The Environmental Defense Center claims there are particular "geologic hazards associated with purposely fracturing the geologic formation and additional fluid injection in seismically active areas. Finally, there are significant risks regarding whether well casings have been designed to safely accommodate the increased pressures associated with offshore well stimulation activities, and whether offshore platforms and wells have been designed for the extended life associated with well stimulation activities."

The Environmental Defense Center challenges 51 permit approvals and modifications issued in the past 18 months. It claims the defendants approved them without NEPA analysis or public participation.

In fact, the group says, the government refuses to let the public participate in the permitting process and will not hand over documents relating to permit approvals or permit modifications without a formal request under the Freedom of Information Act.

The permits are for several offshore drilling platforms in the Santa Barbara Channel, a roughly 70-nautical-mil- long and 24-nautical-mile-wide stretch of Pacific Ocean that separates coastal cities such as Ventura and Santa Barbara from the Channel Islands. The islands were designated as a national park in 1980.

In addition to being a scenic location that attracts thousands of tourists, the Channel is home to several threatened and endangered species, including sea otters, sea lions, porpoises, and many species of whales.

It also has many oil fields. In fact, it was the site of the nation's first offshore oil spill, in January 1967, which was partly blamed on lack of federal oversight, according to the complaint.

The Environmental Defense Center says that there are 22 offshore platforms in the Channel. It estimates that at least 15 of them have used hydraulic fracturing, or fracking, in the past 20 years.

Fracking involves high-pressure injection of water and chemicals into dense shale rock formations. The pressure makes it easier to extract oil and gas.

Drilling operations in the Channel also use acid well stimulation, or "acidizing," a mixture of hydrofluoric and hydrochloric acid injected at high pressures into rock formations to fracture them to get access to their oil and gas, much like fracking, according to the complaint.

"After the acid treatment, the used acid, chemicals, oil, and sediments are pumped out in a process called backflush. This backflush, like frac flowback, is either re-injected or discharged directly to the marine environment," the complaint states.

The Environmental Defense Center says this is worrisome because hydrofluoric acid is an "extremely hazardous substance" that can damage the lungs, corrode steel and form a "poisonous vapor cloud that stays near the ground" once it reaches 67 degrees.

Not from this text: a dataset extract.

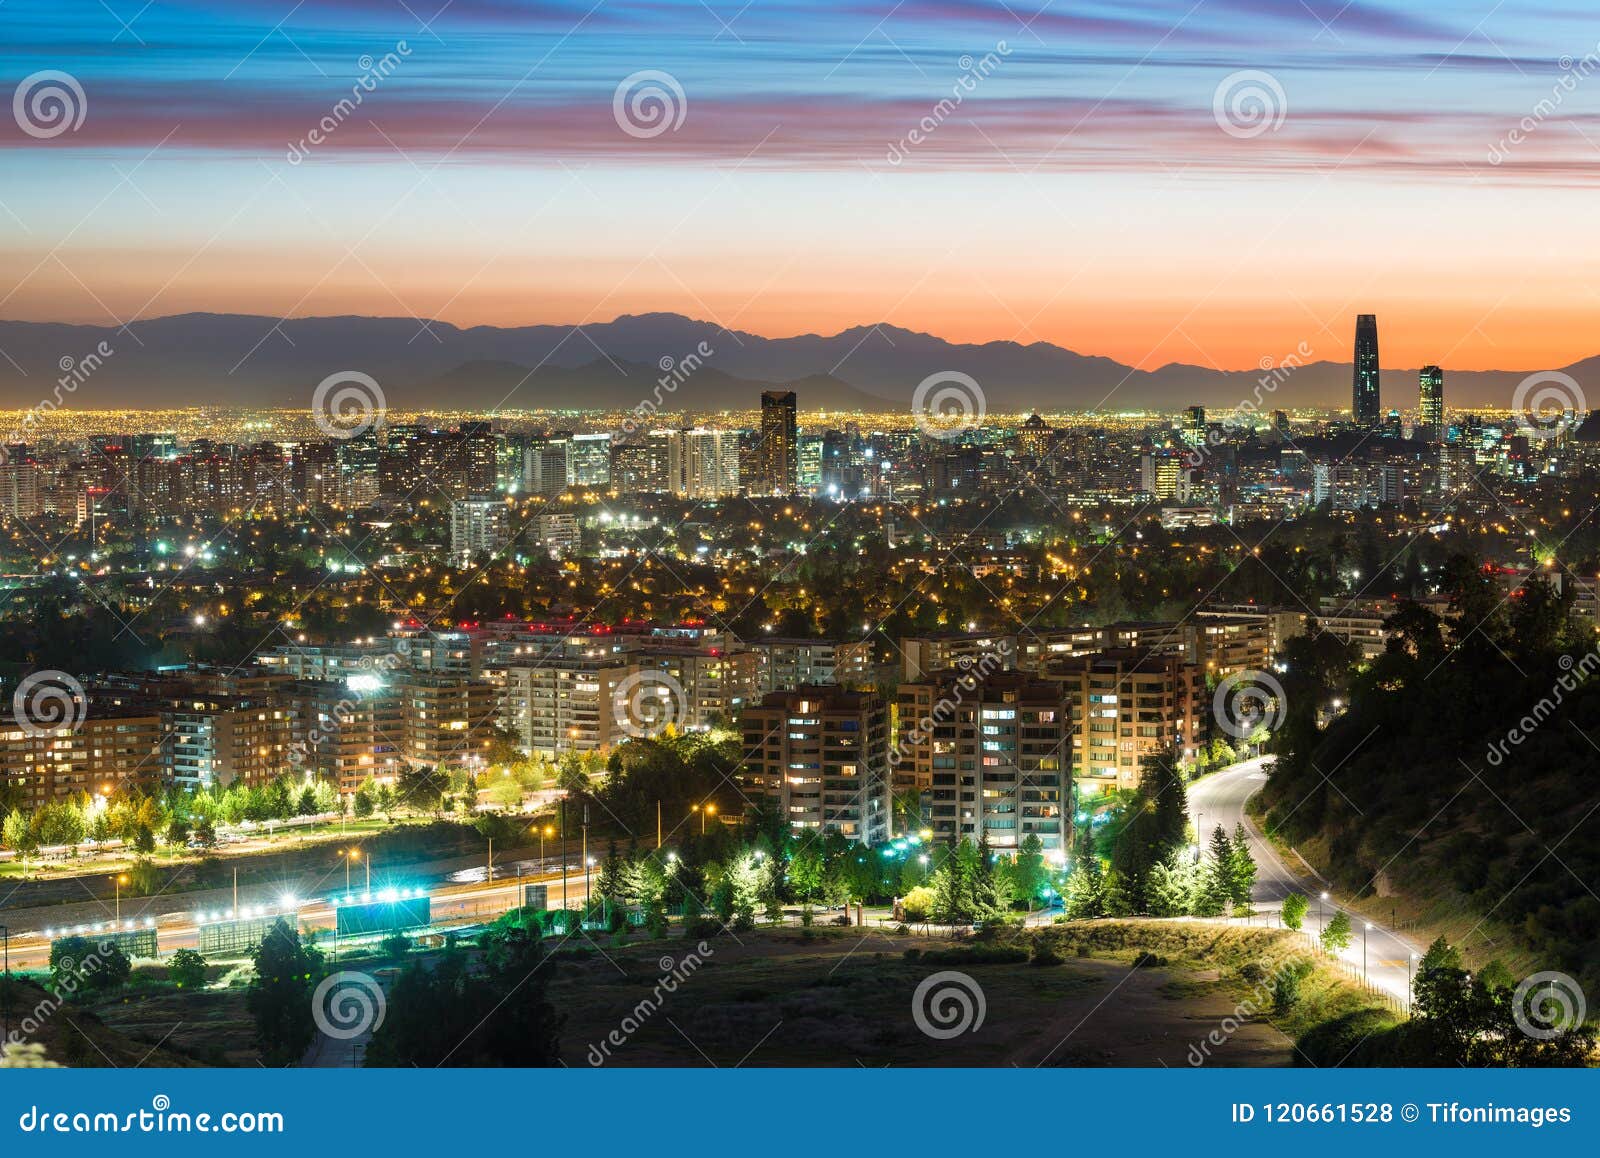 panoramic view of santiago de chile with las condes and vitacura districts
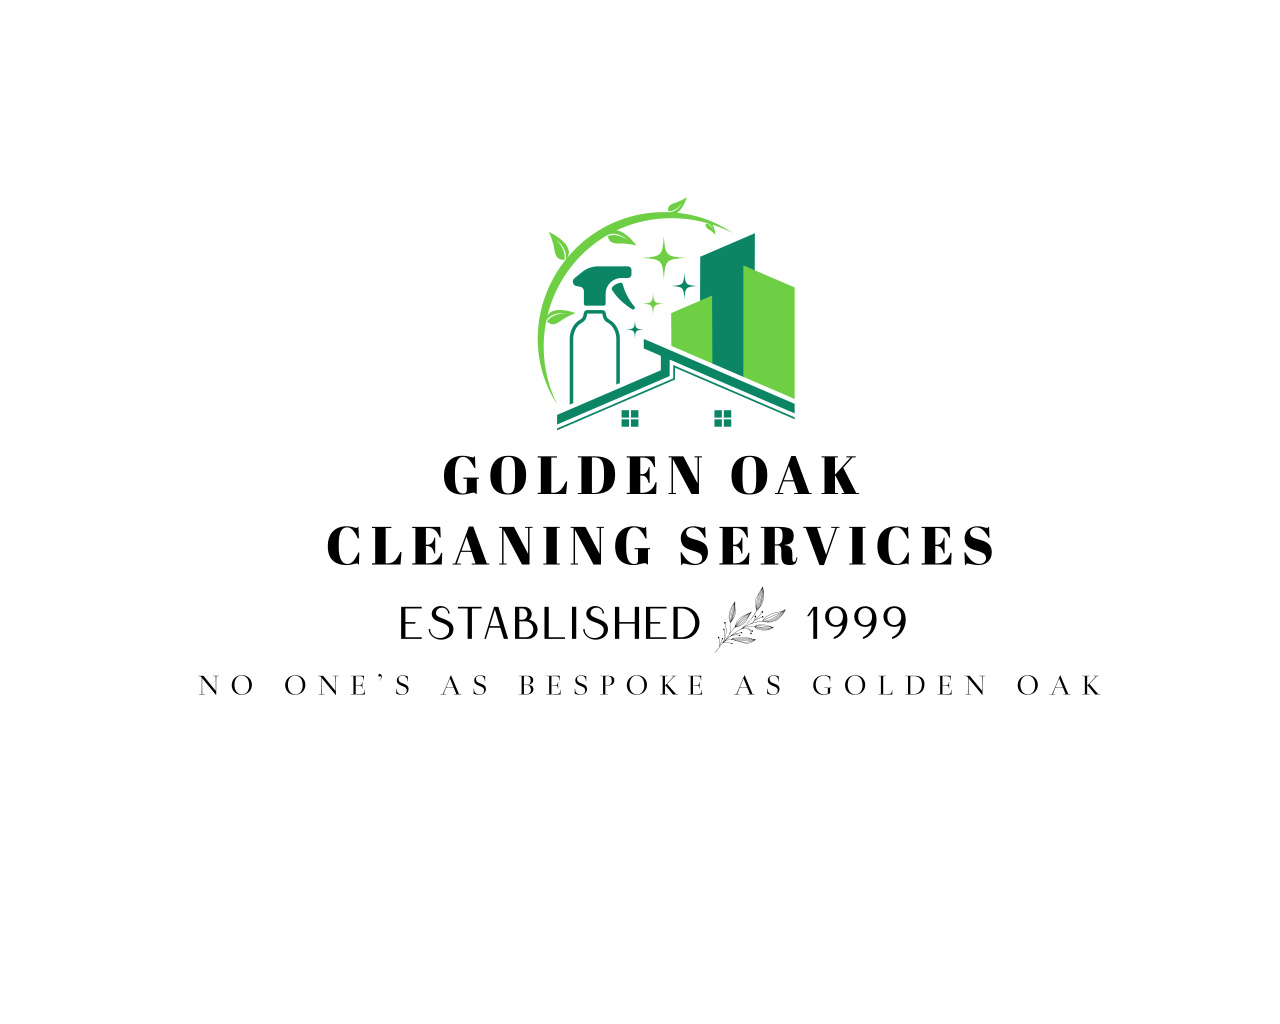 Golden Oak Cleaning Services

Despite the "inherent environmental and public health risks" of using fracking and acidizing in offshore operations, which are largely unstudied, the government has not conducted environmental analysis addressing these concerns, the group contends.

The development and production plans for the offshore platforms are decades out of date, and do not include NEPA-complaint analysis of fracking and acidizing. And even if they did contain such analysis, it would be "outdated and insufficient to address the risks and impacts of well stimulations methods as they are utilized today," the complaint states.

Connie Gillette, Deputy Chief of Public Affairs and Media Relations Manager for the Bureau of Ocean Energy Management, told Courthouse News that the agency does not comment on pending litigation.

The Environmental Defense Center seeks declaratory judgment that the permit approvals and modifications violate NEPA by ignoring evidence of significant environmental impacts of fracking and acidizing and failing to do adequate environmental analysis of these methods.

It wants the government enjoined from enforcing the permits issued and from issuing any more approvals or modifications until the government complies with NEPA regulations.

The group is represented by in-house counsel Brian Segee in Ventura and co-counsel Margaret Morgan Hall in Santa Barbara.